Такеши помедлил, прежде чем ответить. Он опустил чашку на стол и положил ладонь на бедро, выпрямившись еще сильнее. Имя для своей дочери он придумал давно. Осталось только произнести его вслух.
— Когда в поместье Асакура мы встретили в коридоре Нобу Тайра, рядом с ним была его внучка Хоши.
Наоми молча кивнула. Она помнила ту девочку. А Нарамаро-сан за время своего короткого пребывания в поместье успел немного рассказать ей о Хоши Тайра.
— Очень храбрая и очень глупая девочка. Она приходила ко мне в подземелья, пока я гнил в клетке. Хоши помогла мне в плену. Думаю, это достойное имя для нашей дочери.
— Нарамаро-сан сказал, что она не пережила атаку на поместье и умерла от страха… — Наоми подняла на Такеши полный сомнения взгляд и отпрянула назад в испуге, когда увидела гримасу, исказившую его лицо. Его рот скривился в ожесточенной усмешке, но голос был полон горечи.
— Нарамаро рассказал это тебе и Акико-сан?
— Да, — медленно отозвалась Наоми.
— Верно, он бережет невесту, — Такеши помассировал переносицу. — Девочку убили, и мы не знаем, сделал ли это кто-то из ее родни, или наши солдаты.
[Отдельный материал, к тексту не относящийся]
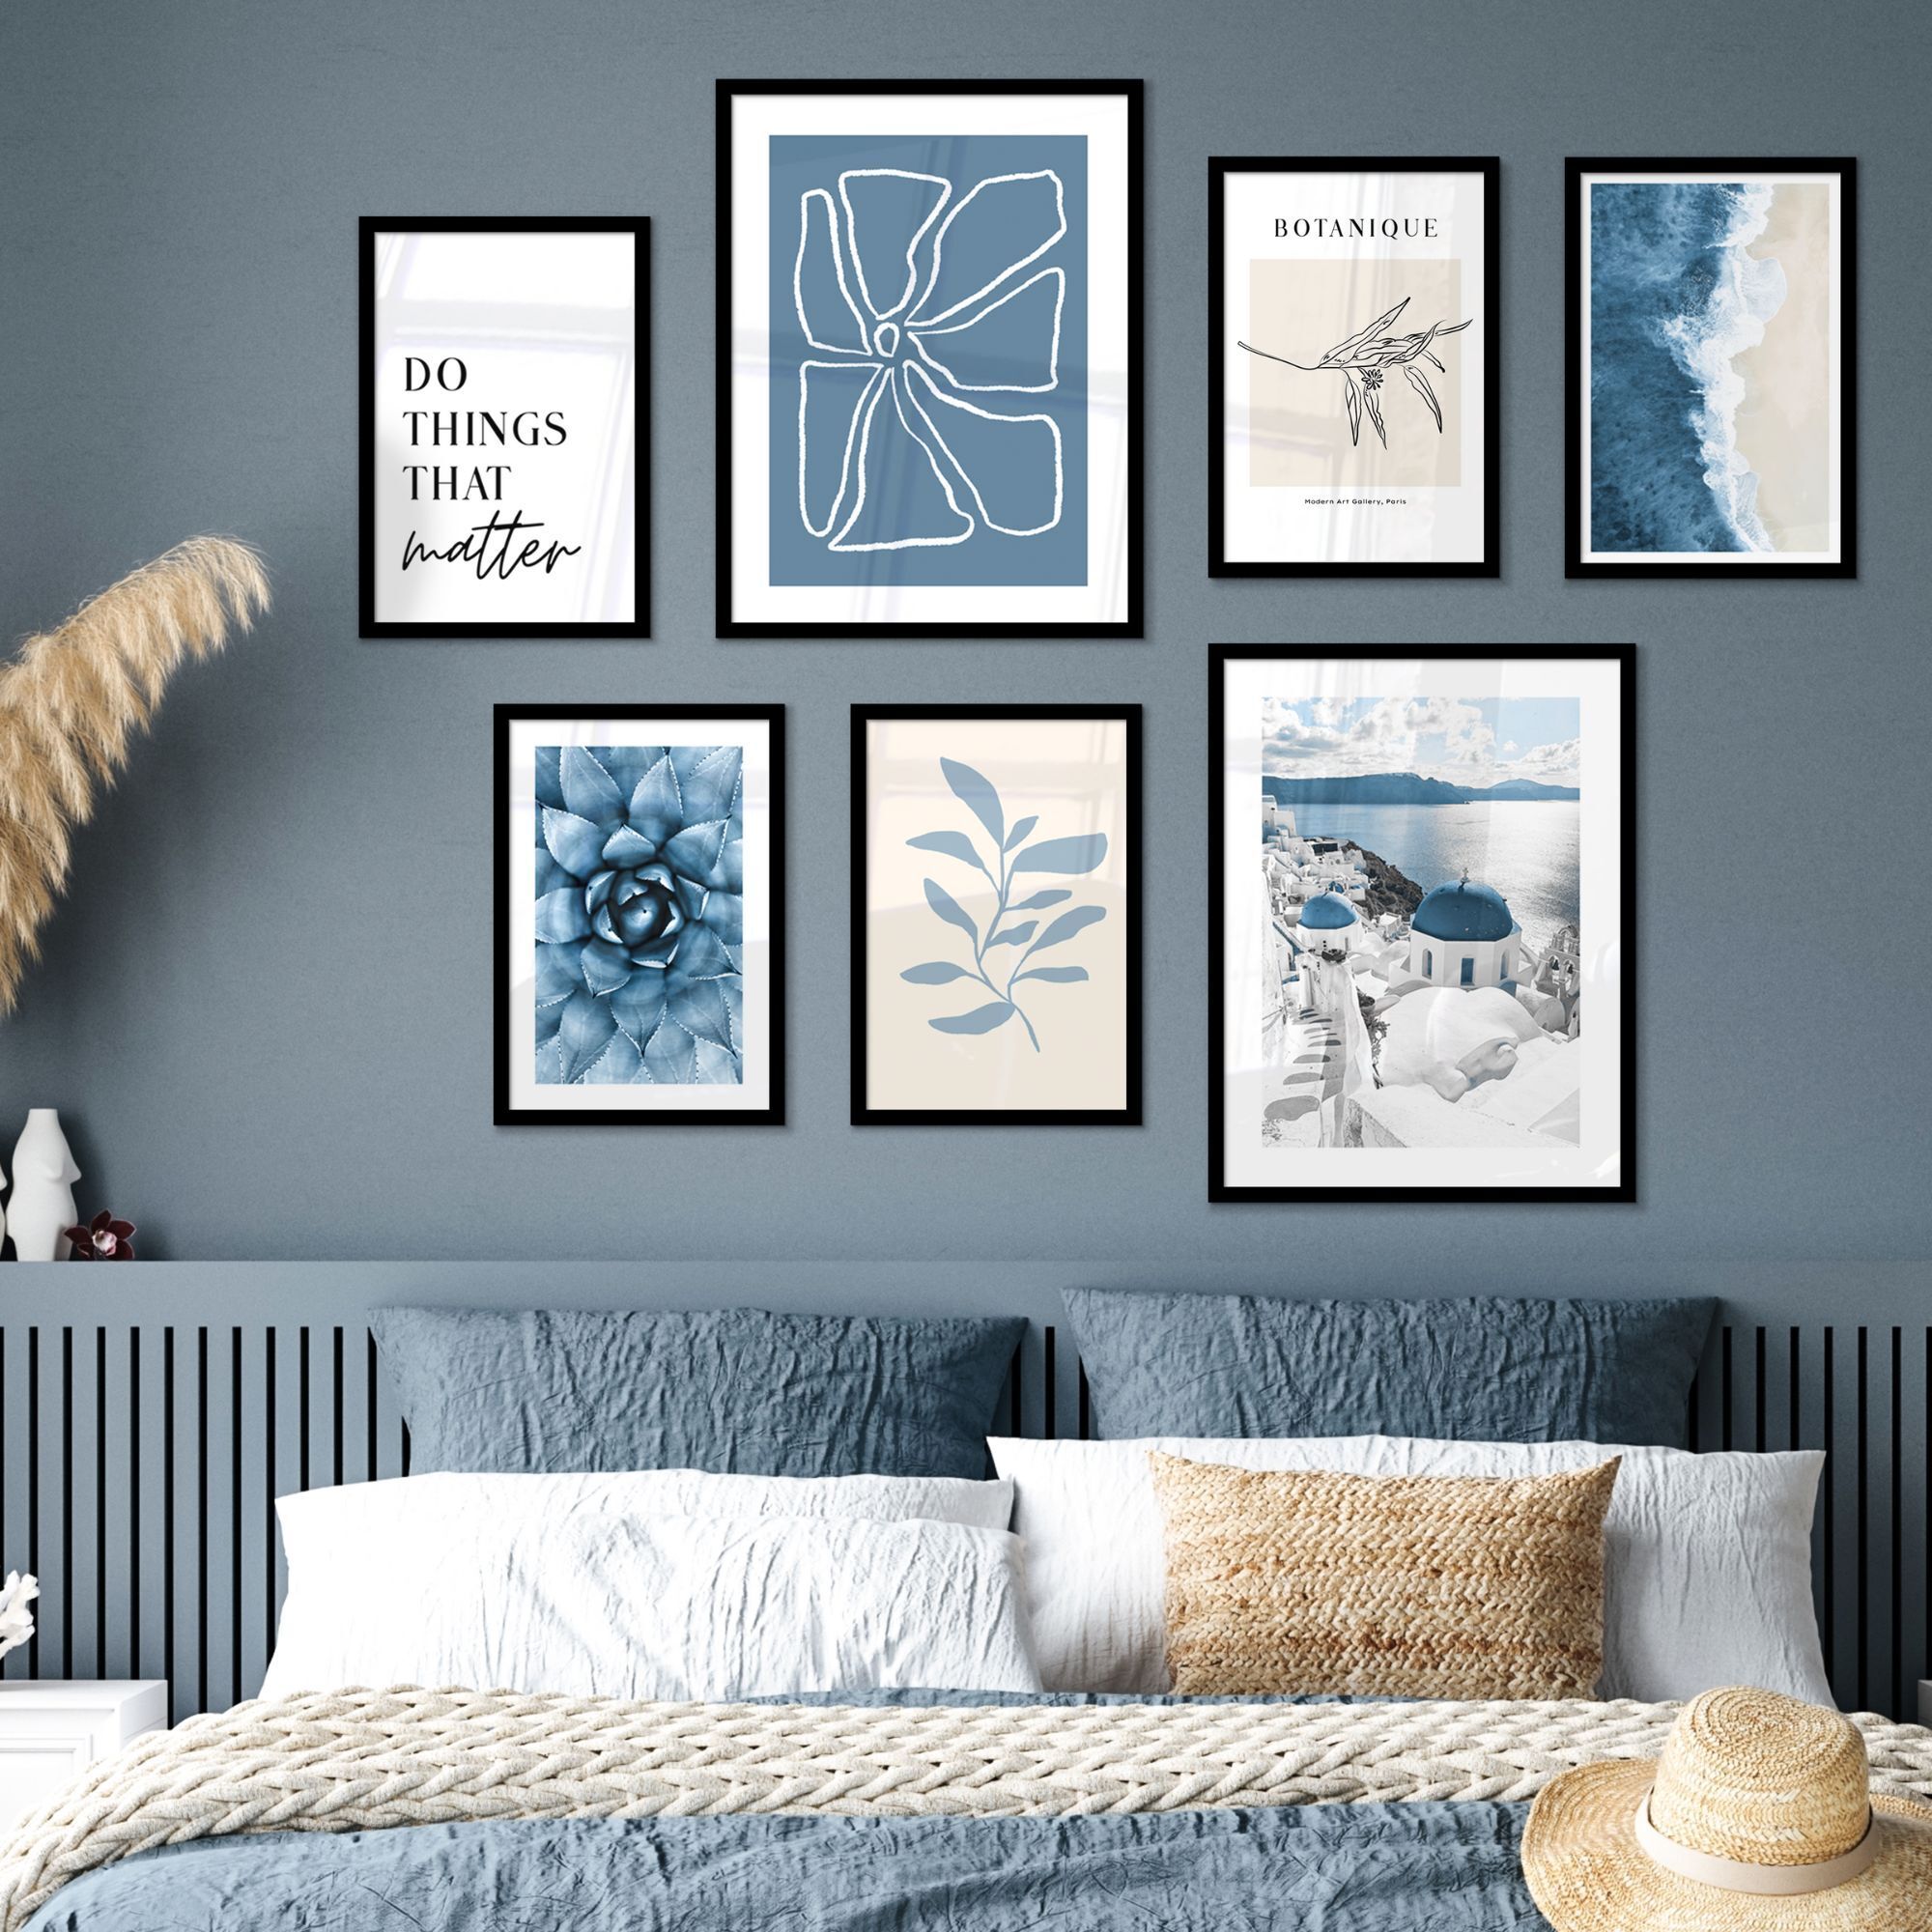 Fotowand shades of grey aan een muur boven een blauw bed

Наоми изо всех сил попыталась не вскрикнуть и не прижать ладони к губам. Но невозможно сохранить на лице отстраненное выражение, когда твой муж говорит тебе, что убили маленькую девочку, которая однажды его спасла. И это мог быть кто-то из его людей. Или — что хуже — родные самое девочки…
«Лучше бы ты тоже меня берег», — прикрыв глаза, подумала Наоми.
— Ты бы то же убил ее, если бы нашел? — спросила она прямо, когда убедилась, что голос не подведет ее и не будет дрожать.
Такеши одарил ее тяжелым, мрачным взглядом и стиснул зубы так сильно, что по скулам заходили желваки.
— Нельзя оставлять в живых никого из клана, который ты уничтожаешь. Даже несмышленых младенцев. Однажды они вырастут и захотят расплатиться за милосердие кровью. Так меня учили, — заговорил он.
Он по-прежнему держал руку на бедре и не притрагивался к чаю. И смотрел на Наоми уставшим взглядом, словно объяснял ей эту прописную истину в тысячный раз.
«Я никогда не привыкну», — подумала она.
— Но я не знаю, как бы я поступил, — тихо добавил Такеши. — Я уже не тот самурай, которым был раньше, — и с горькой усмешкой он указал на обрубок на месте левой руки.
— Это ничего не меняет, — Наоми с трудом сдерживала слезы.
Ее сердце разрывалось на части от горячего сочувствия и жалости. Она знала, что ее муж не потерпит от нее ни первого, ни второго, но не могла приказать себе не чувствовать.
— Даже с отрубленной рукой ты остаешься величайшим самураем! — пылко договорила Наоми и почувствовала, как щеки окрасил смущенный румянец.
Губы Такеши дрогнули в намеке на улыбку.
— Не знал, что в мою жену вселился Мамору, — он мягко усмехнулся. — Тебя огорчили мои слова про Хоши, — следы былого веселья вмиг исчезли с лица Такеши, стоило ему вновь заговорить о девочке.